張二姨茅臺酒都沒看到,便被張姥姥指揮去廚房做飯了。
三姨夫五短身材,陰沉著他那別人都欠他錢的臉,坐在堂屋的門檻上,“吧嗒”“吧嗒”吸著旱煙袋。
四姨夫拉著張遂生,在大院里燒麥秸桿烤火。二姨夫沒事做,也湊過去,剛才張二姨一鬧騰,張姥爺起身出去大街上,也不在堂屋陪他說話。

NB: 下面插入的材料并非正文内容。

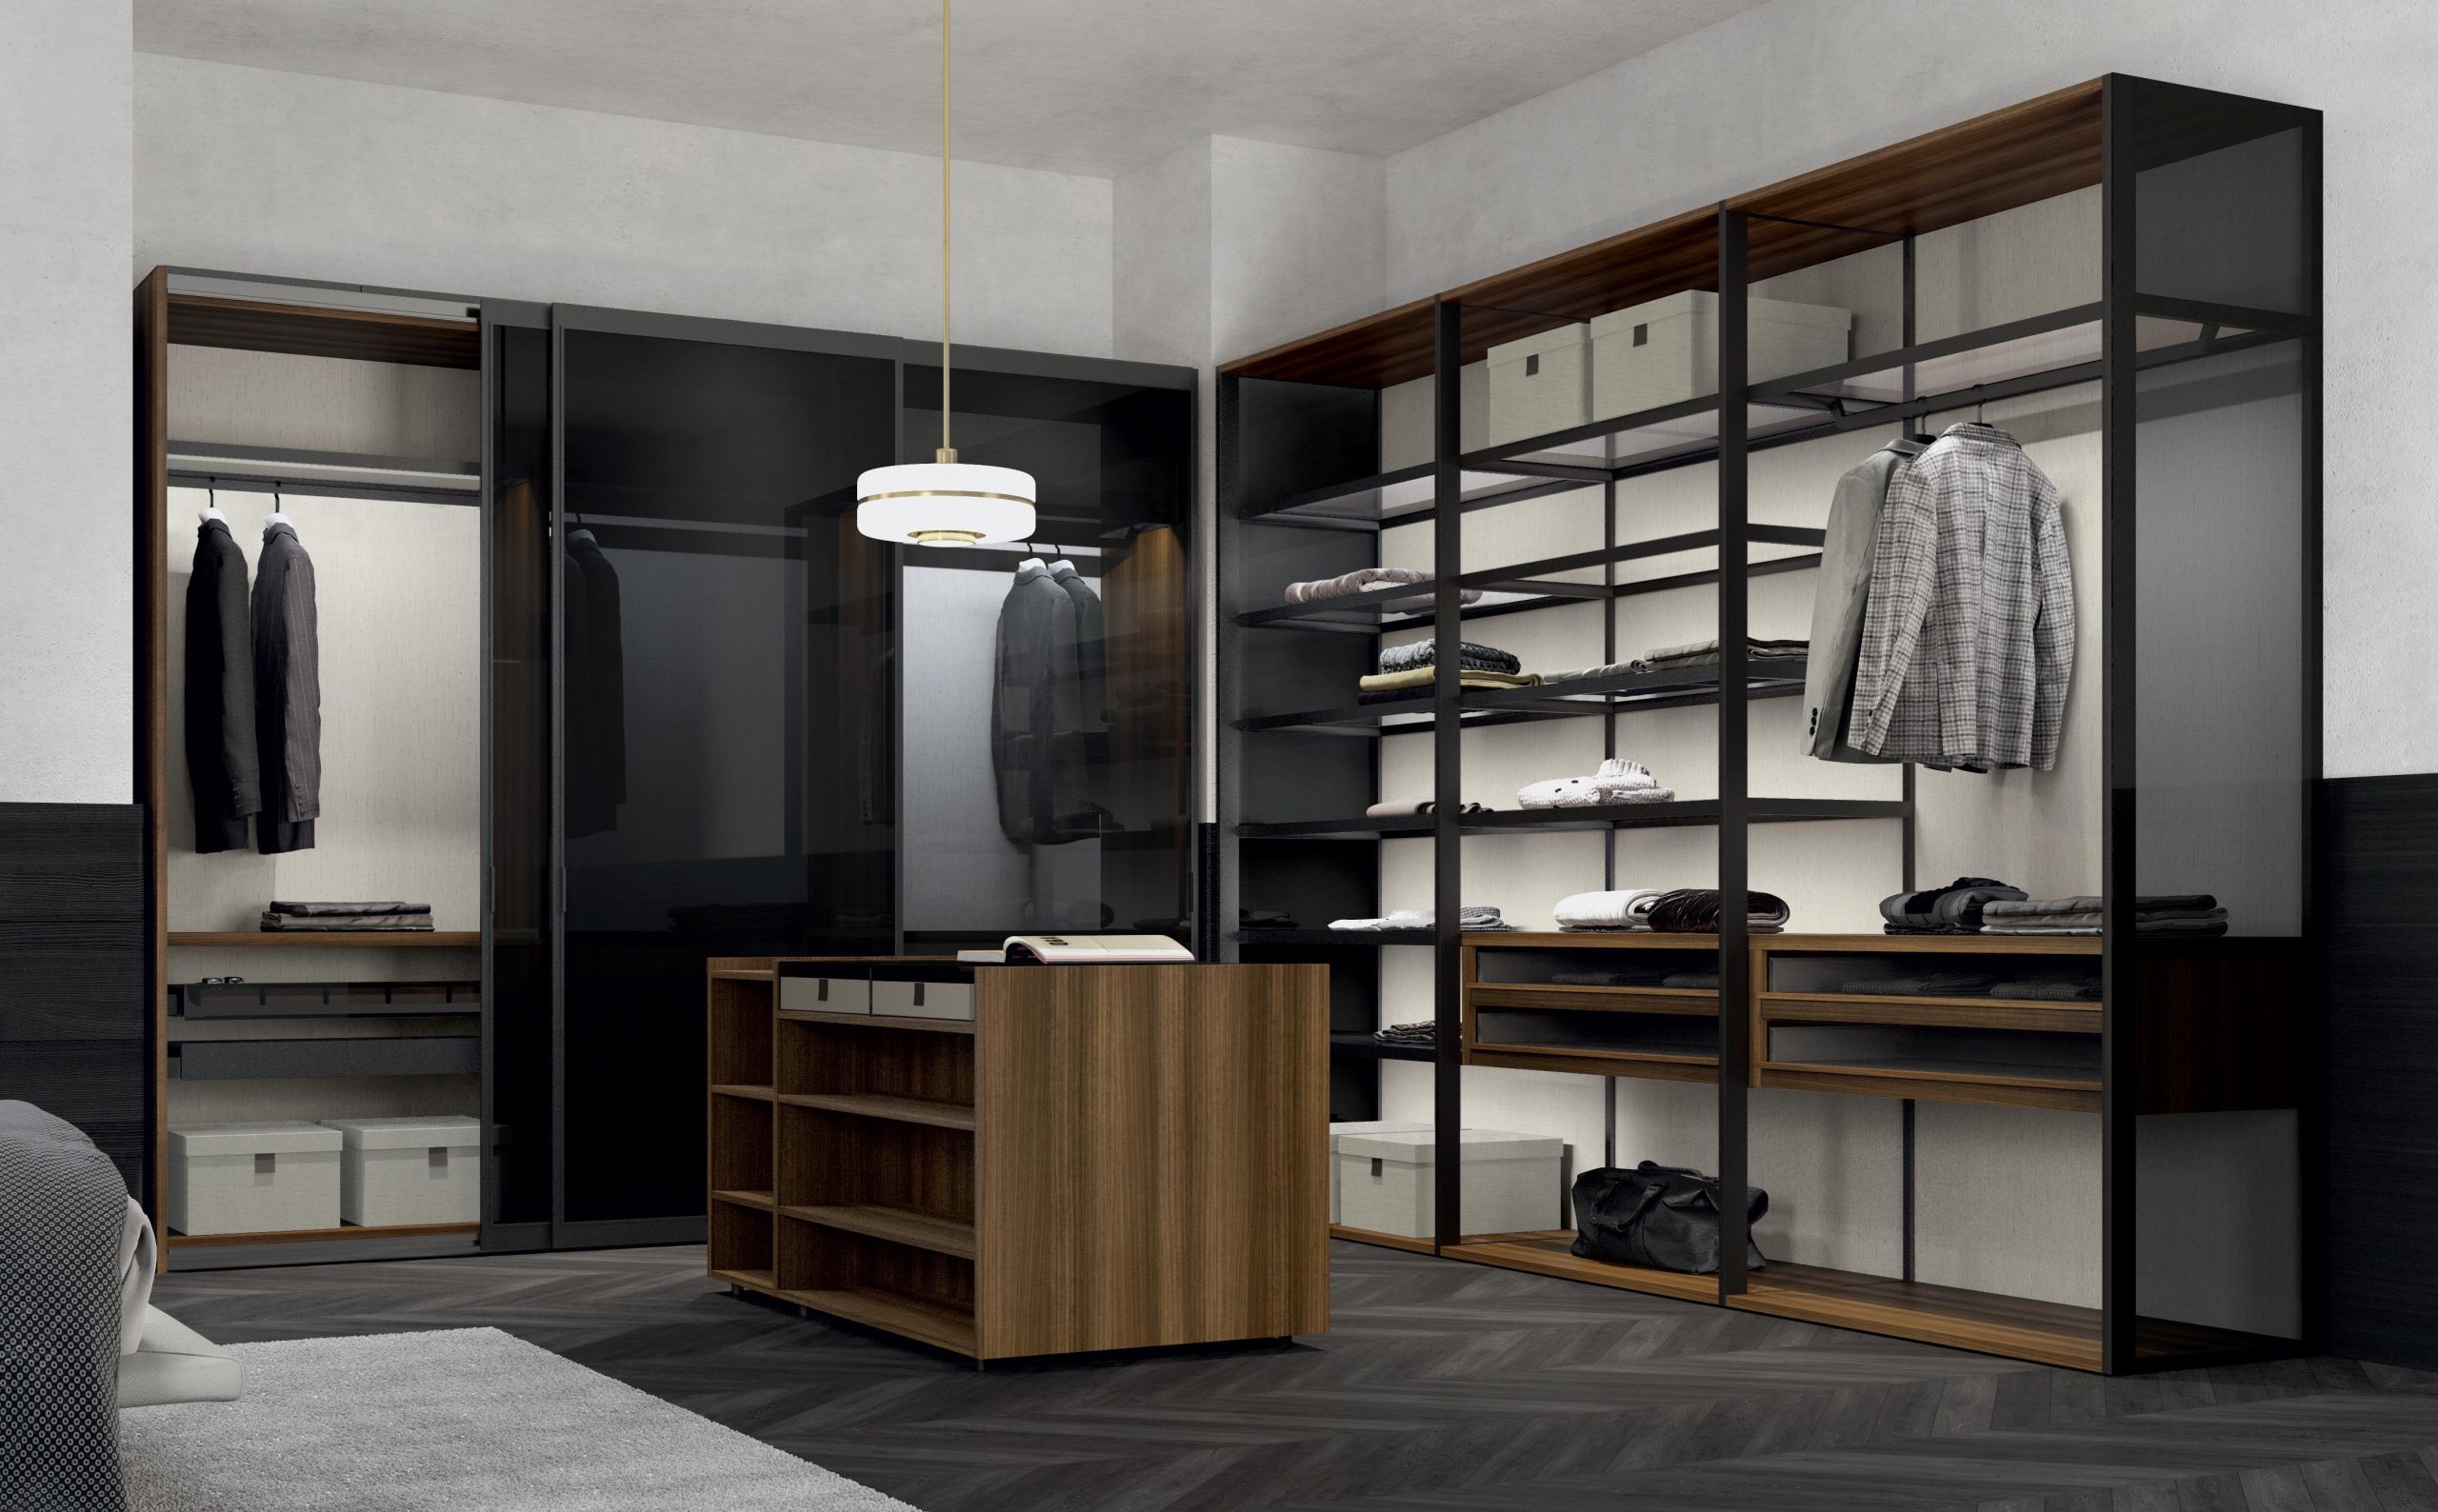 by MIEMASU | Dressing room decor, Dressing room design, Small dressing rooms

四姨夫一直想知道綠洲的情況,正黏著張遂生問,看見二姨夫過來,便不再說了。岔開話題,聊起來天氣和土地集中在一起以后,怎么種地分糧食的事。他家四口人都在外面,不回來種地,這以后怎么分糧食?
四姨夫兩天黏著一切機會和張遂生詢問綠洲的事情,和張遂生喝酒喝的是昏天黑地的,舌頭打結,還在問,鐵路上一個月掙多少錢。
張姥爺實在看不下去了,四姨夫畢竟是上門女婿,將來要給他養老送終之人,對張遂生說:“那個,遂生啊。你要是有空給問問,看看鐵路上有啥適合培林干的活。她姊妹幾個要是能在一塊,一家人不是能做個伴啥的,遇到事總是比外人強,也是個幫手。”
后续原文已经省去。